Furthermore, alternative frailty models can be compared based on their log-likelihoods to pick a well-fitting frailty distribution from a larger class of frailty distributions. However, since the frailties are latent, choosing which frailty distribution is most appropriate requires an assessment of the frailty distribution on the data at hand. The gamma frailty model, which can be estimated by the base R survival package, is the most straightforward and well-understood frailty model [35] . From our data, the gamma frailty model had the highest log-likelihood, hence it was the best-fitting model. Other studies where the gamma frailty model performed well include a study done by Gachau [39] and Adham and AlAhmadi [40] .

A simulated study further investigated the effect of misspecification of the frailty distribution on the prediction of the heterogeneity parameters and regression coefficients. We considered the true frailty distribution from gamma distribution, inverse Gaussian distribution and positive stable distribution. We focused only on the gamma distribution as the assumed frailty distribution partially because it had the highest log-likelihood and also because it is the distribution that is most frequently used in practice and its closed form of the marginal likelihood can be obtained under the Cox proportional hazard shared frailty models. Our simulation results showed that the bias of the treatment log hazard was comparatively small and similar to that of the correctly specified model. This showed that, despite the fact that different frailty distributions can result in distinctly different correlation structures, misspecification of the frailty distribution did not significantly alter the regression coefficient estimate. [41] and [42] found by simulation that regression coefficient estimates were hardly influenced by frailty misspecification. They assumed inverse Gaussian their true frailty distribution. This shows that even when the random effects interpretation is unappealing, the gamma frailty approach is a reasonable choice in terms of performance.

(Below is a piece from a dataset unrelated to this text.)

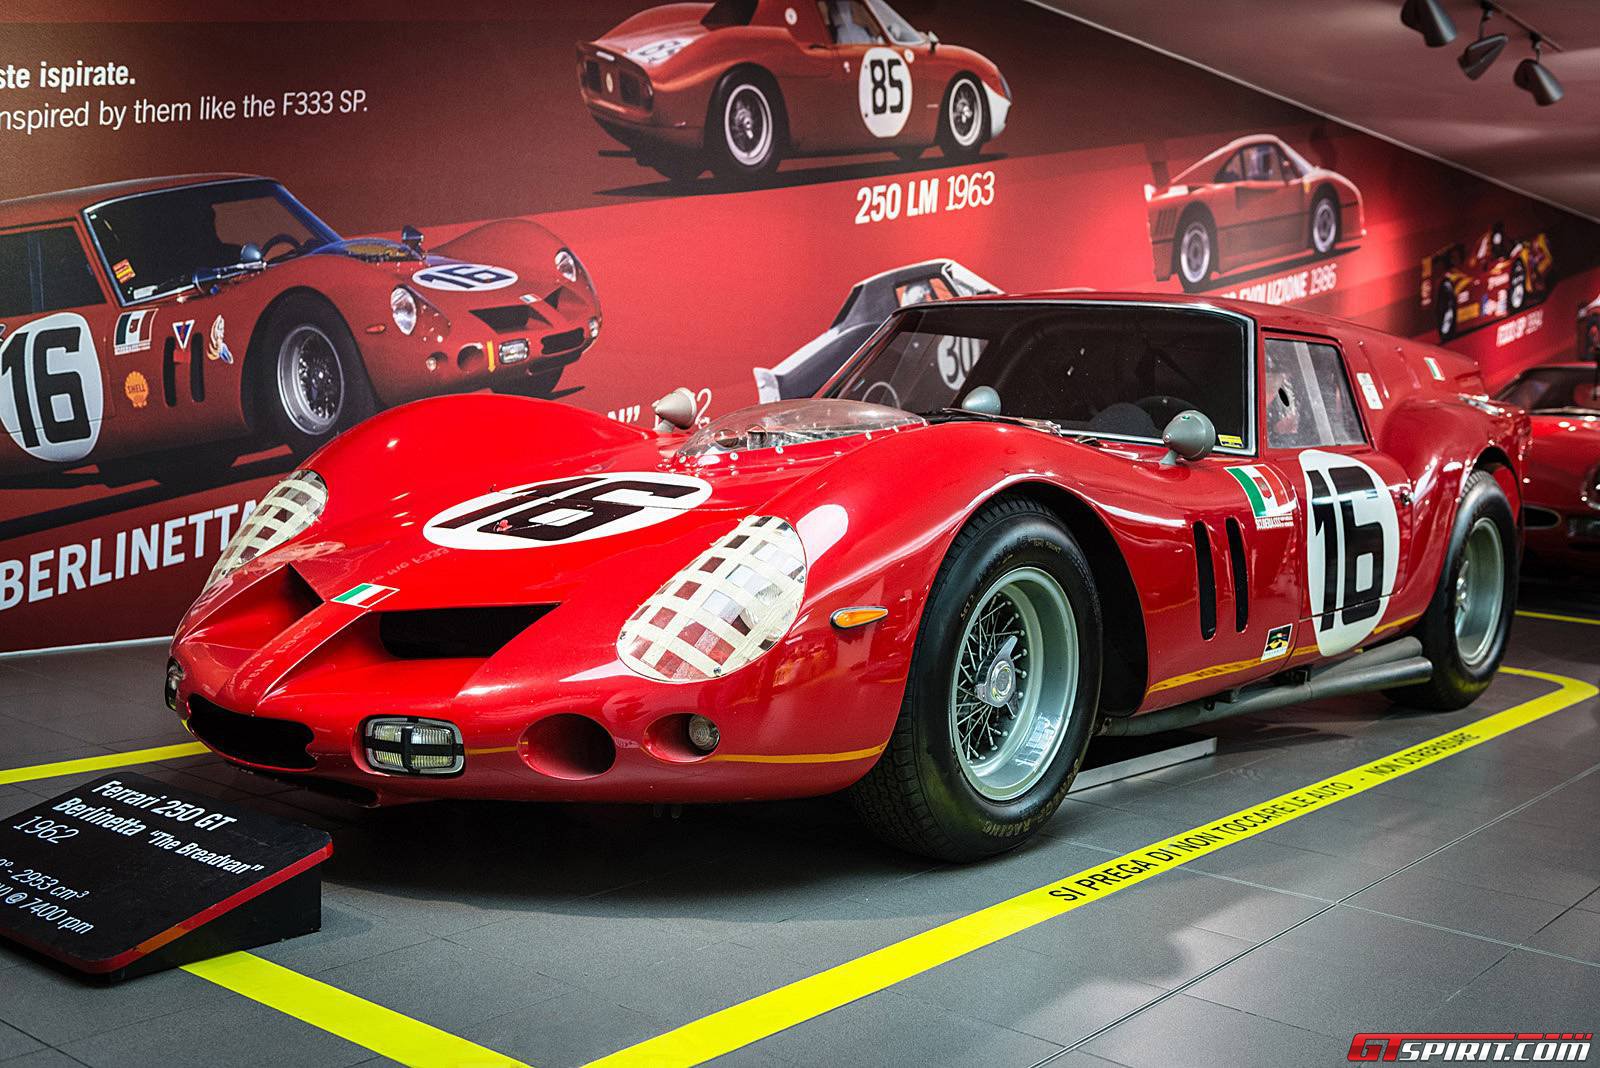 Choáng ngợp với Viện bảo tàng Ferrari tại Ý 2

In comparison to the correctly specified model, the bias was more pronounced for large heterogeneity parameter θ values. This was slightly affected by the number of clusters taken into account. The statistical simulation studies showed that when the true frailty is inverse Gaussian or log-normal frailty, the gamma frailty working model provides a satisfactory prediction of θ in terms of the MSE. When the true frailty distribution is the positive stable, it can be challenging to use a gamma frailty working model to predict specific frailties utilizing shared frailty models. These findings are in line with the research by [39] .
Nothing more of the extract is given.